Но неожиданно протянула:

— Ва-а-а-ся. — И удивилась, что назвала какого-то незнакомого человека этим дорогим для неё именем. — Вот дура, — попробовала улыбнуться она, но иссушившиеся до крайности губы лишь повело.

Он открыл глаза. Она же, будто чего-то испугавшись, закрыла свои. Губы её задрожали, и Василий через несколько минут приметил выбившуюся из-под её ресниц слезу. Она снова открыла глаза, и они смогли друг другу улыбнуться, также доверчиво, смущённо, но отчасти даже с заигрыванием, как когда-то в юности, будто у каждого не было за плечами горькой и страшной доли жизни. Быть может, всё же вернулась к ним молодость, как награда и дар за перенесённые страдания и невзгоды.

— Ждала меня?

— Ага.

83

В Зимовейном узнали, что Василий в Погожем, и за ним приехал Иван Охотников.

Василий распрощался с теми, кто оказался поблизости, на руках вынес Наталью из церкви, уложил на сено в сани, прикрыл ноги тулупом, сам сел за кучера и с наивной мальчишечьей радостью и гордостью понукнул запотевшую, покрытую сивым мхом куржака нетерпеливую молодую лошадь. Стоял крепкий мороз, полозья весело резали снег, а яркое солнце смотрело прямо в глаза. Постаревший Иван сидел рядом с Василием, обняв его за плечи, и всё повторял:

— Живой. Молодец. Погоняй, погоняй! Нам, Охотниковым, никак нельзя всем помирать: мы ещё сгодимся людям. А ну, мчись, кобылка!..

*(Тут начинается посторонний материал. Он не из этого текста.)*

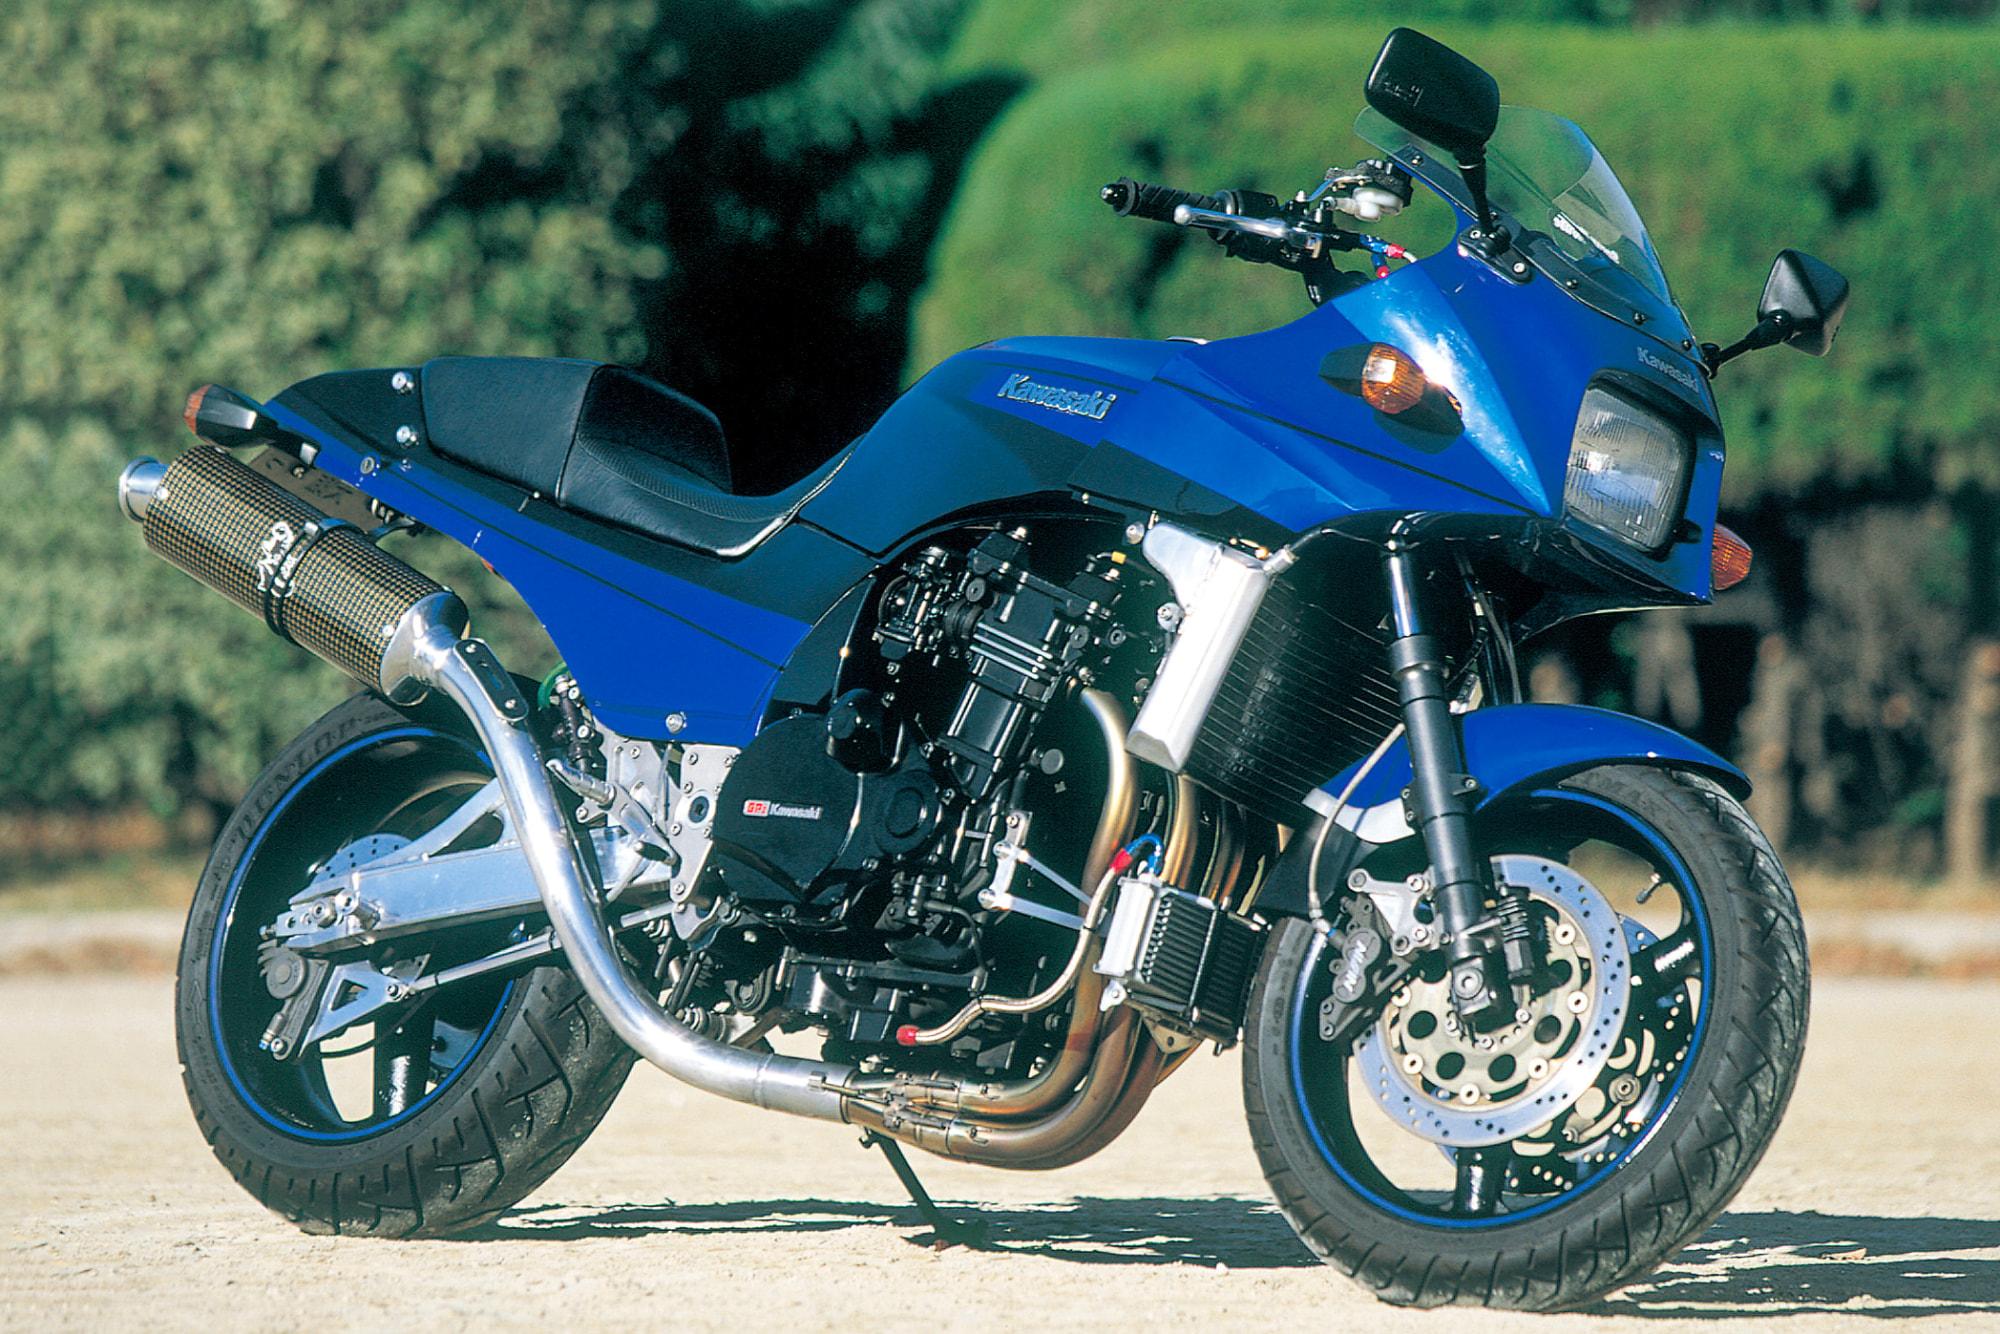 GPZ900R by タバックスエンジニアリング
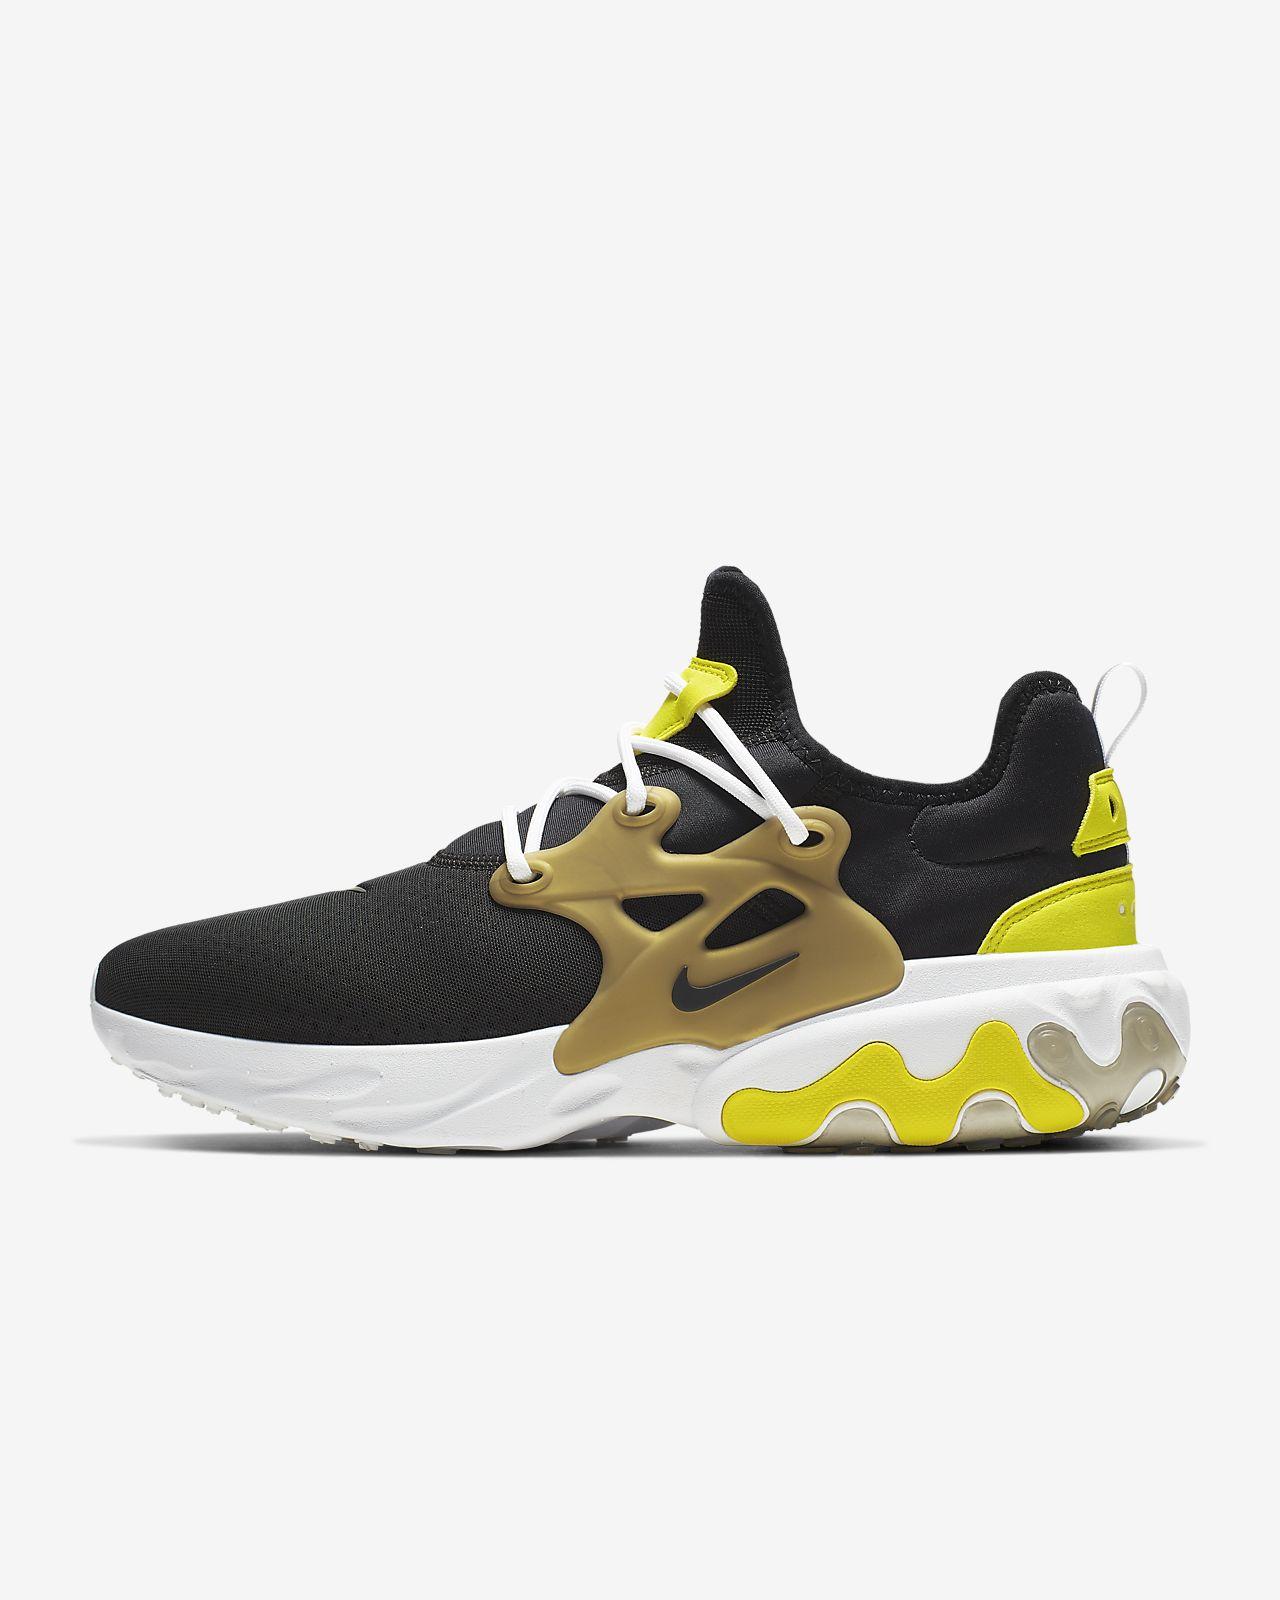 Nike React Presto Brutal Honey Men's Shoe

Заехали в Знаменку за игуменьей Марией. Она встретила родственников в гостином домике, куда проводил их привратник, повисла на плече Василия, приникла головой к его груди, но не плакала, как обычно бабы, — в её больших глазах лучилась улыбка, та улыбка, о которой нередко Василий вспоминал на фронтах и в госпитале; словно бы слушала его сердце. Он отнимал её лицо от своей груди, охватывал его у висков ладонями и смотрел в её греющие глаза.

Василий показал тётке висящий на его шее серебряный лакированный образок с ликом Пресвятой Девы — давний подарок её.

— Видишь, Феодора, — сберёг, — вроде как похвастался он.

— Теперь ты веришь, что Господь заботится обо всех?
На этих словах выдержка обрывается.